Exercise aim: Given the entries below, would you transcribe exactly the lines starting at the one with "Frances & Stephen" and ending at the one with "Hatton Magic and Mayhem design", both kept, pictures omitted, nothing extra?

The data:

=-=-=

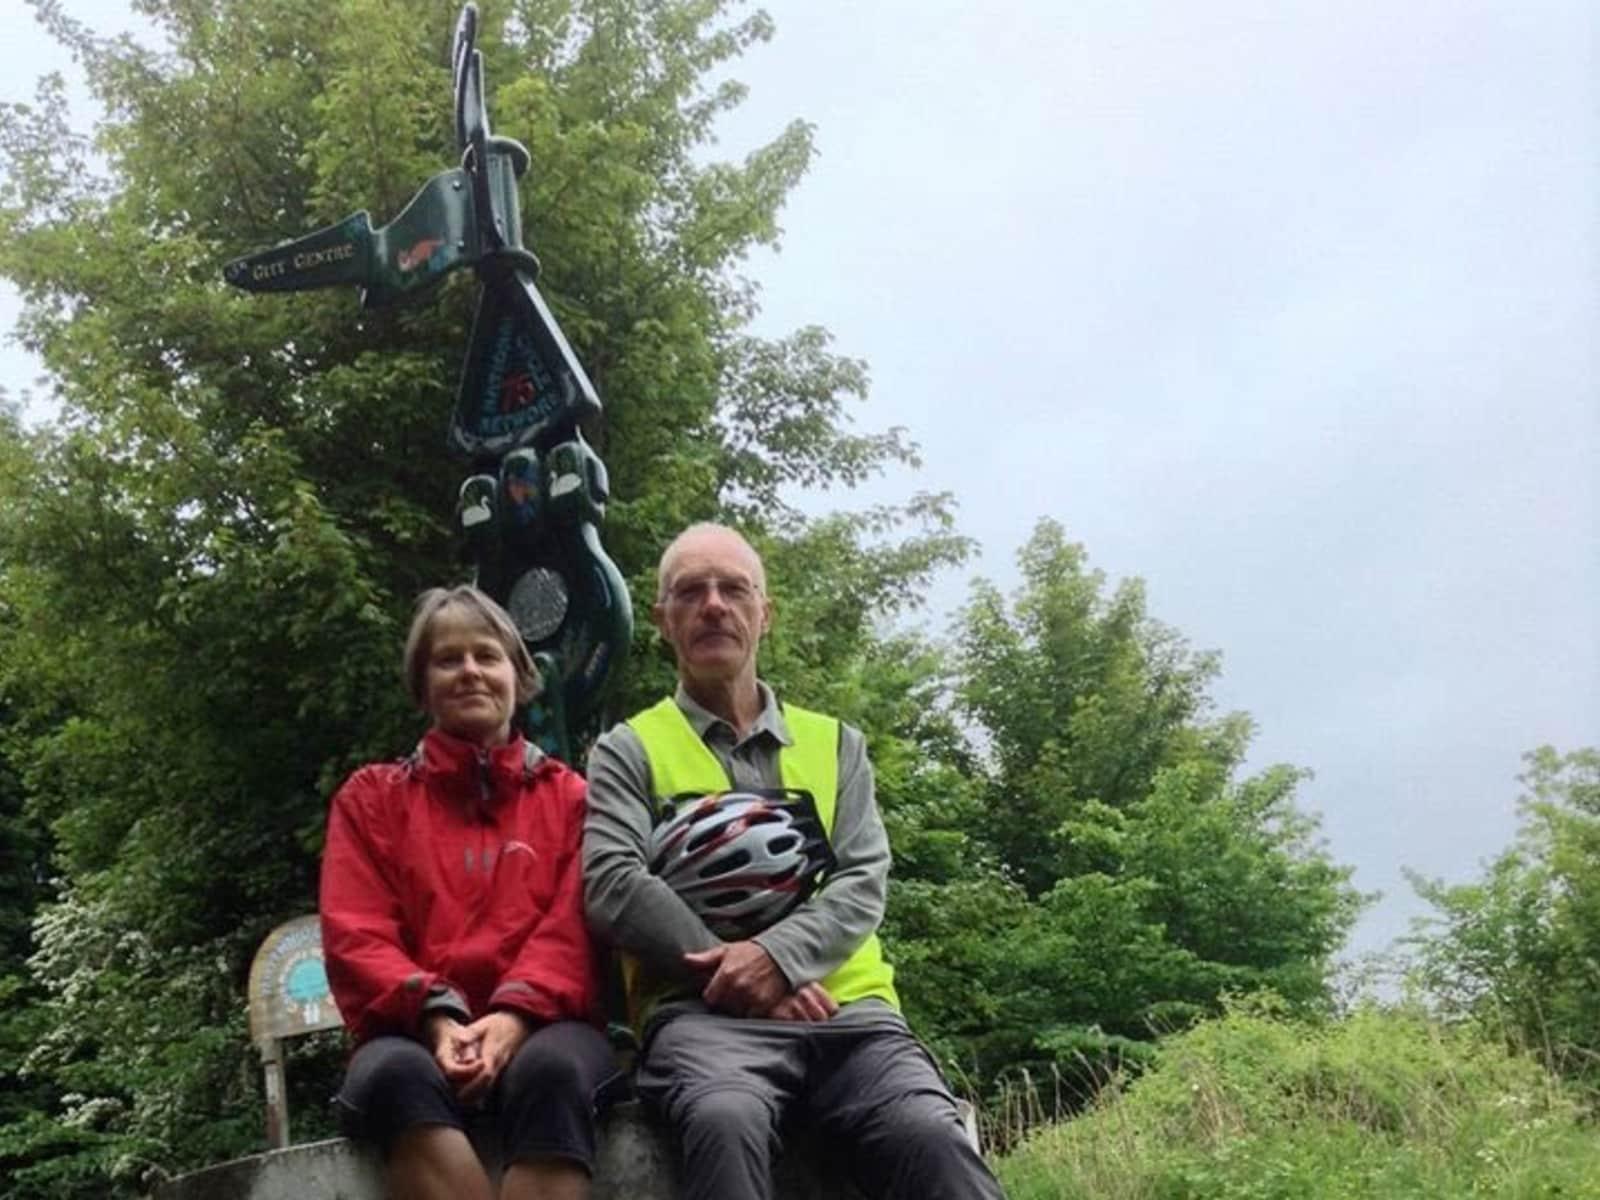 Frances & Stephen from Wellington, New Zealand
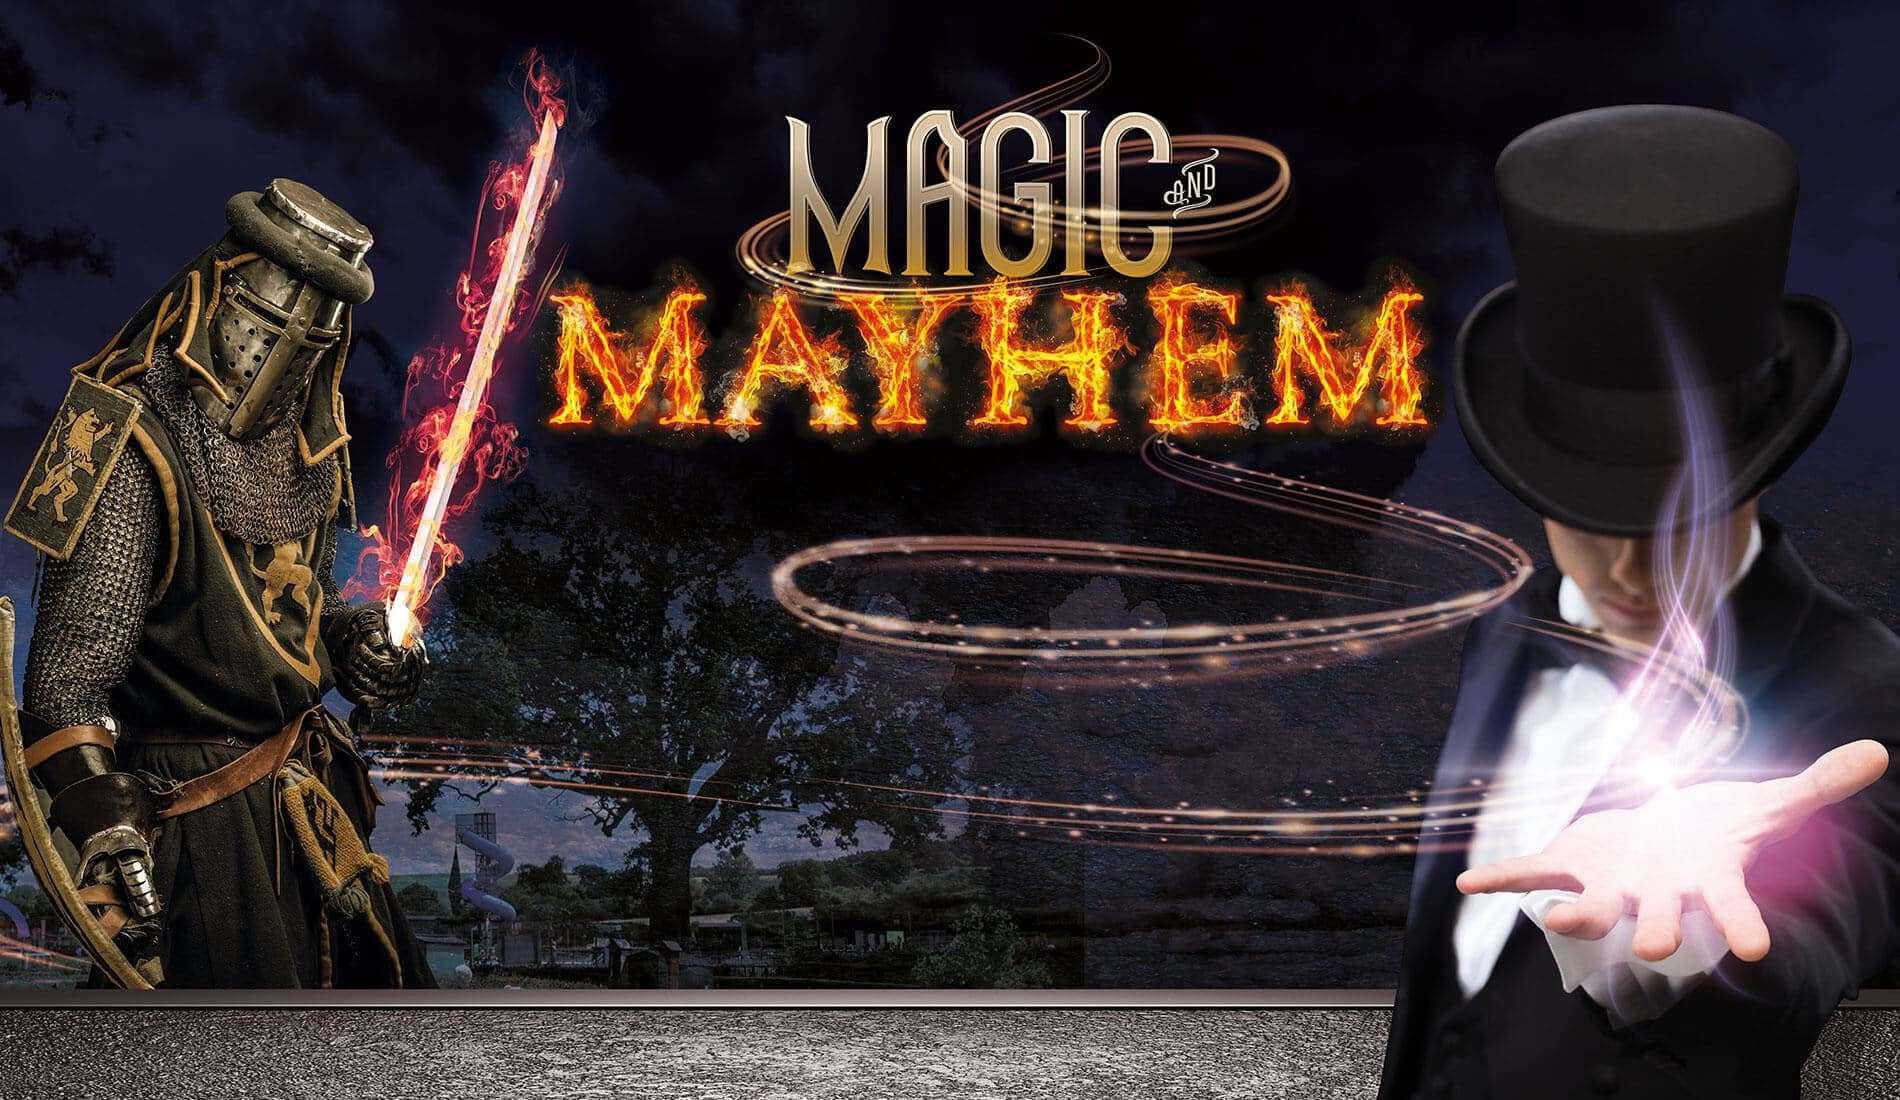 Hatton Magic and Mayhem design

=-=-=

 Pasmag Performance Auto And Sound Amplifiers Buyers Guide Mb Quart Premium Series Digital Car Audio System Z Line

=-=-=

Written reply:
 Frances & Stephen from Wellington, New Zealand
 Hatton Magic and Mayhem design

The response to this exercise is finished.